There are two primary differences between Pre-Shared-Key authentication and Username and Password authentication. The first: the PSK must be initially shared out-of-band. It can not be initially established using the medium upon which you want a secure connection. The second: the PSK is shared among two individuals, whereas a username and password is always unique to each user (or ought to be, at least).
Digital Certificates
The final authentication scheme we are going to discuss is that of Digital Certificates. This is the primary method of identification in use on the Internet. The protocols securing your browsing session when visiting a webpage of HTTPS make heavy use of Digital Certificates (SSL/TLS).
A digital certificate works similar to a driver’s license. It contains the identity of a particular individual or website, and it is issued by a governing entity (the state you live in).
Inside a digital certificate is a very important piece of information: a Public Key of an Asymmetric Key Pair. This key is used to verify that the entity who presents the certificate is the true owner of the certificate. Much like your picture or signature on your driver’s license.
Recall that with an Asymmetric Key pair, one key is kept private and never shared with anyone, and the other key is made public. Anyone can get a hold of anyone else’s digital certificate (and therefore, public key), but theoretically, only one person can exist with the correlating private key. Before accepting a digital certificate as proof of someone’s identity, that someone must provide evidence that they are in possession of the matching private key.

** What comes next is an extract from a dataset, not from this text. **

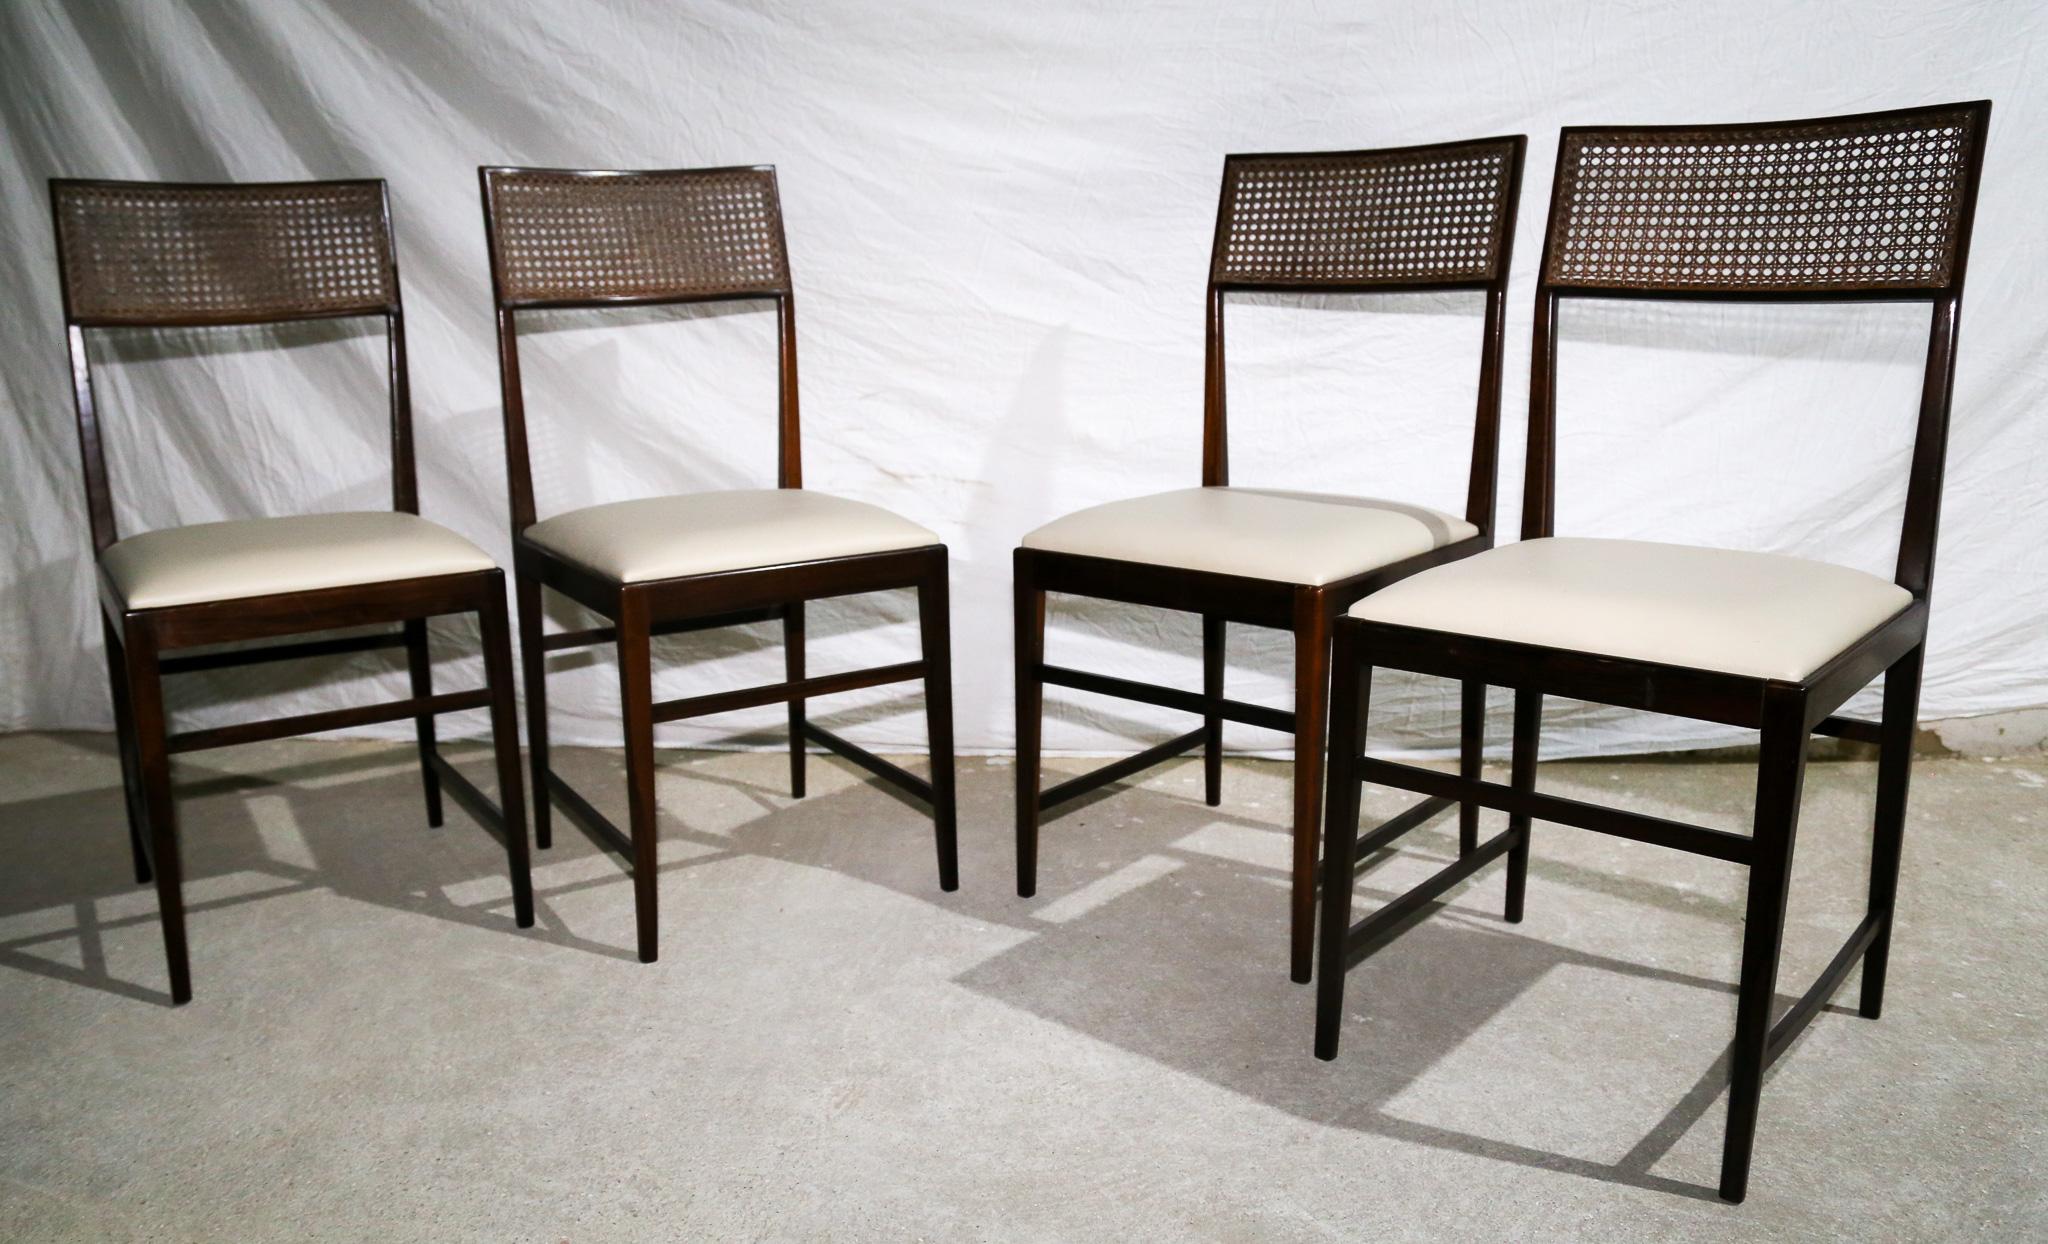 Hand-Knotted Brazilian Modern 4 Chair Set in Hardwood, Cane, Leather, Joaquim Tenreiro 1950s For Sale

There are two ways this can be verified. We’ll take a look at an example of Alice presenting a Digital Certificate to Bob, and how she can provide evidence that she is in possession of the private key.
- If Alice presents Bob with her Certificate, Bob can generate a random value and encrypt it with Alice’s Public Key. Alice should be the only person with the correlating Private Key, and therefore, Alice should be the only person that can extract the random value. If she can then prove to Bob that she extracted the correct value, then Bob can be assured that Alice is indeed the true owner of the certificate.

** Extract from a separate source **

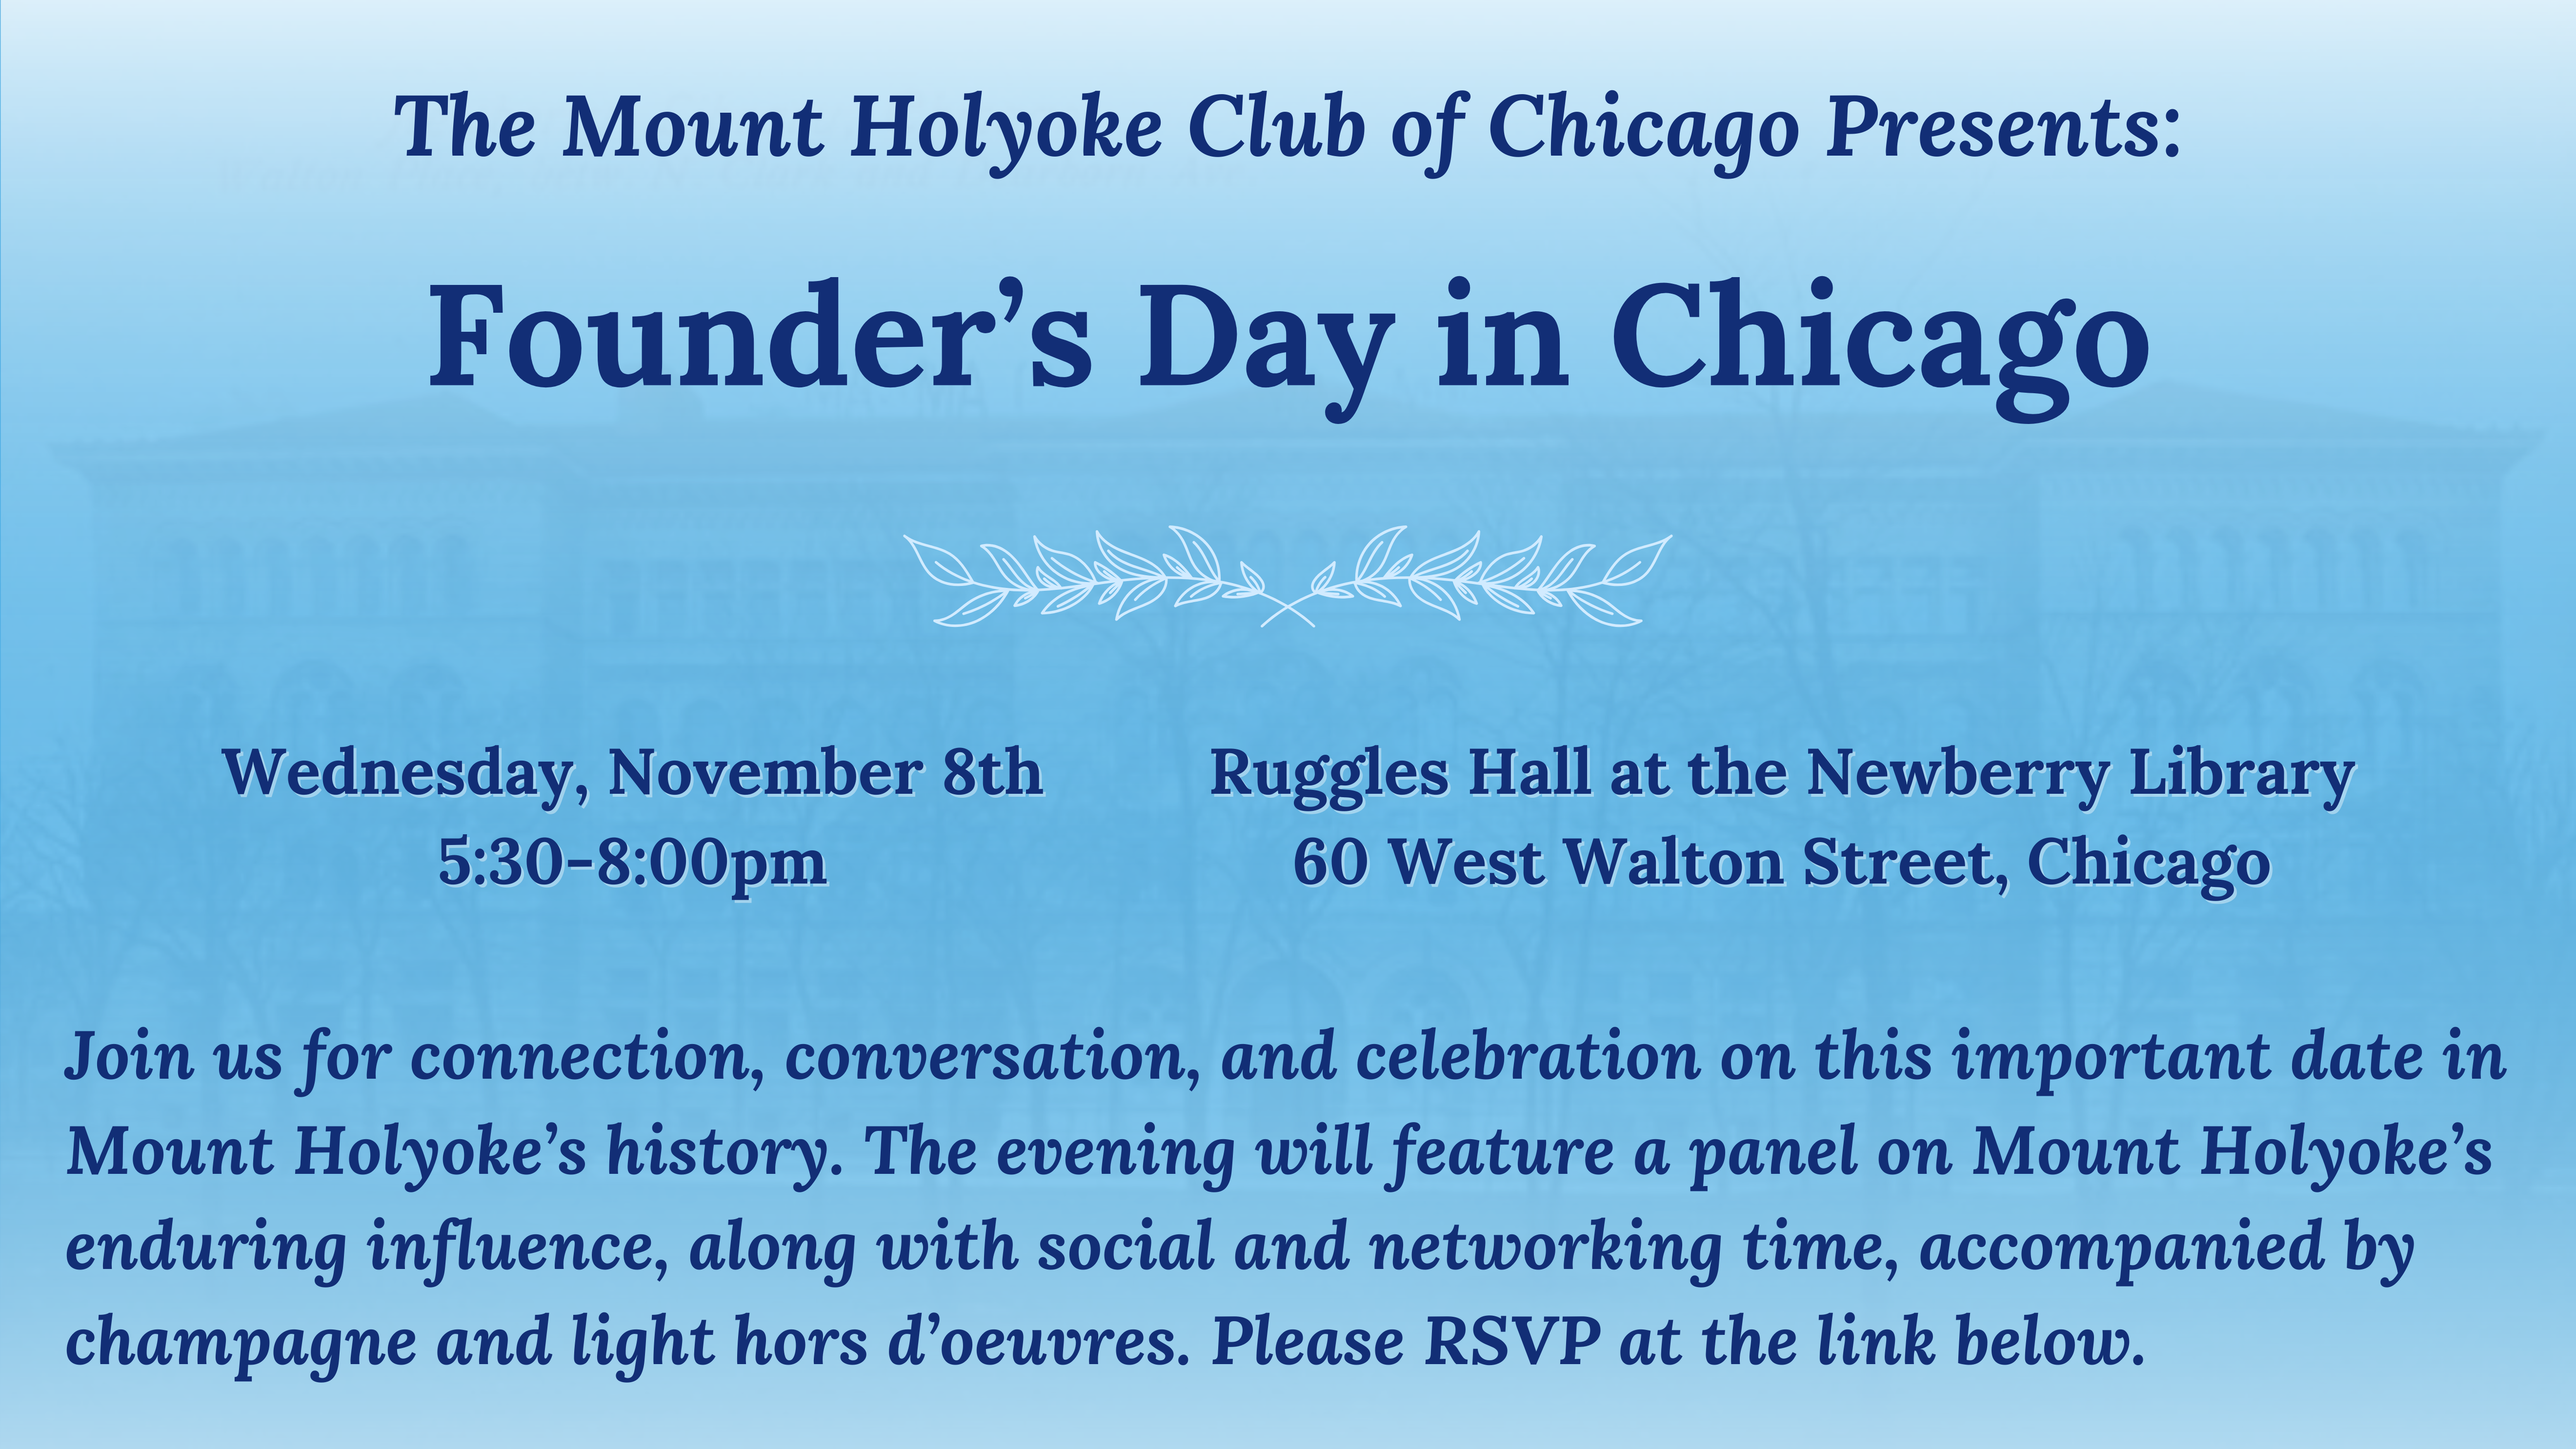 Graphic announcing Founder's Day event on November 8, 2023, 5:30-8pm, at the Newberry Library. Blurb at bottom says "Join us for connection, conversation, and celebration on this important date in Mount Holyoke’s history. The evening will feature a panel on Mount Holyoke’s enduring influence, along with social and networking time, accompanied by champagne and light hors d’oeuvres. Please RSVP at the link below."

- Alice can encrypt a value known to both parties with her Private Key, and send the resulting Cipher Text to Bob. If Bob can decrypt it with Alice’s Public Key, it proves Alice must have had the correlating Private Key.

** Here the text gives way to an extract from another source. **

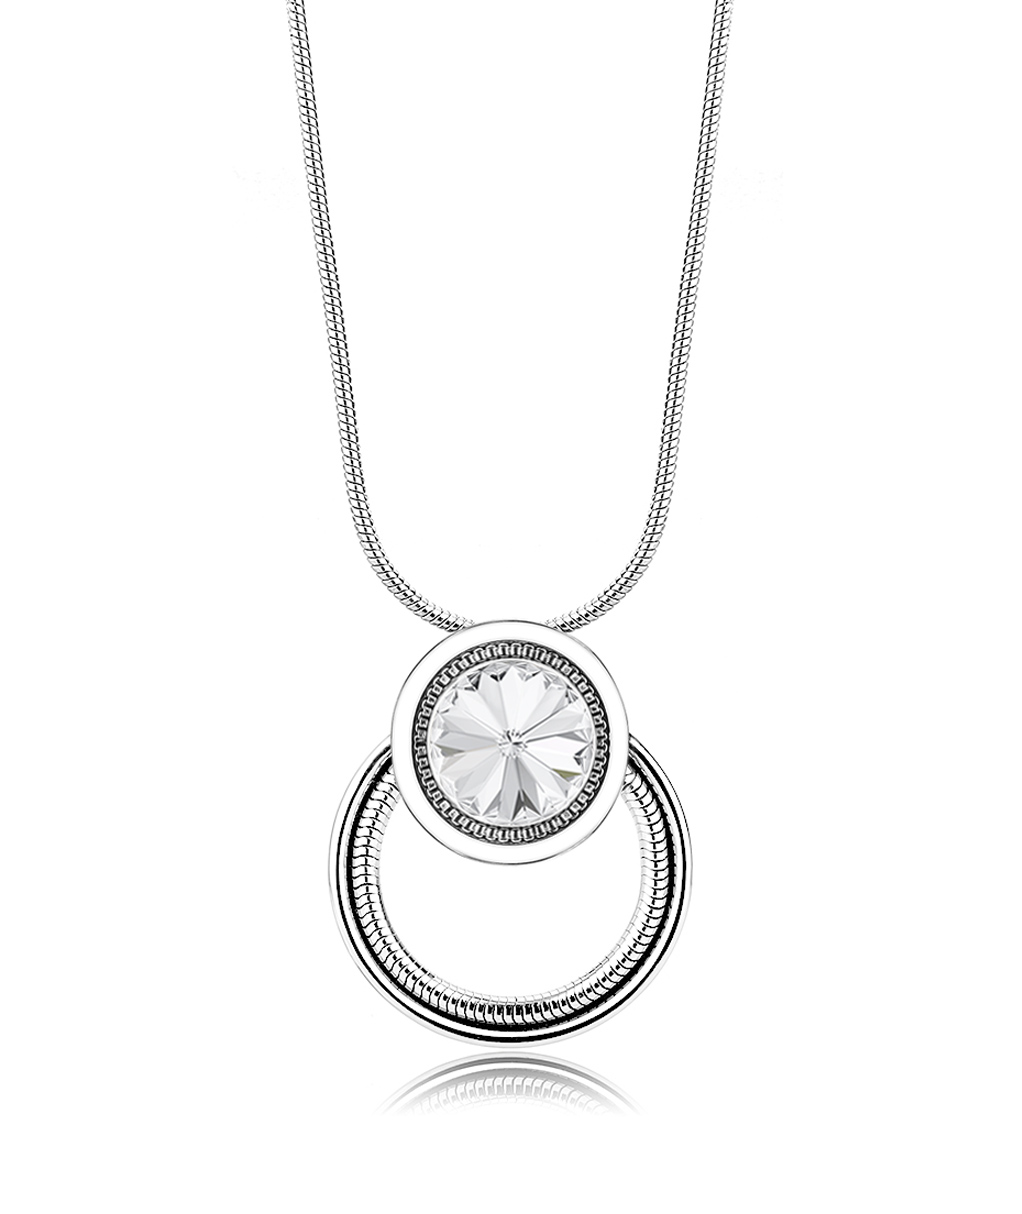 Stainless steel necklace with Swarovski crystal

These two methods are the basis for how authentication works with digital signatures.
thanks for knowledge, it is really helpfull.
For the part the says, “Alice can encrypt a value known to both parties with her Private Key, and send the resulting Cipher Text to Bob. If Bob can decrypt it with Alice’s Public Key, it proves Alice must have had the correlating Private Key.”
This is saying that Alice is making any value known to both her and Bob. But since Alice is the only that that should have her private key then Bob will know that she has the private key if he uses her public key to decrypt the same value that was known?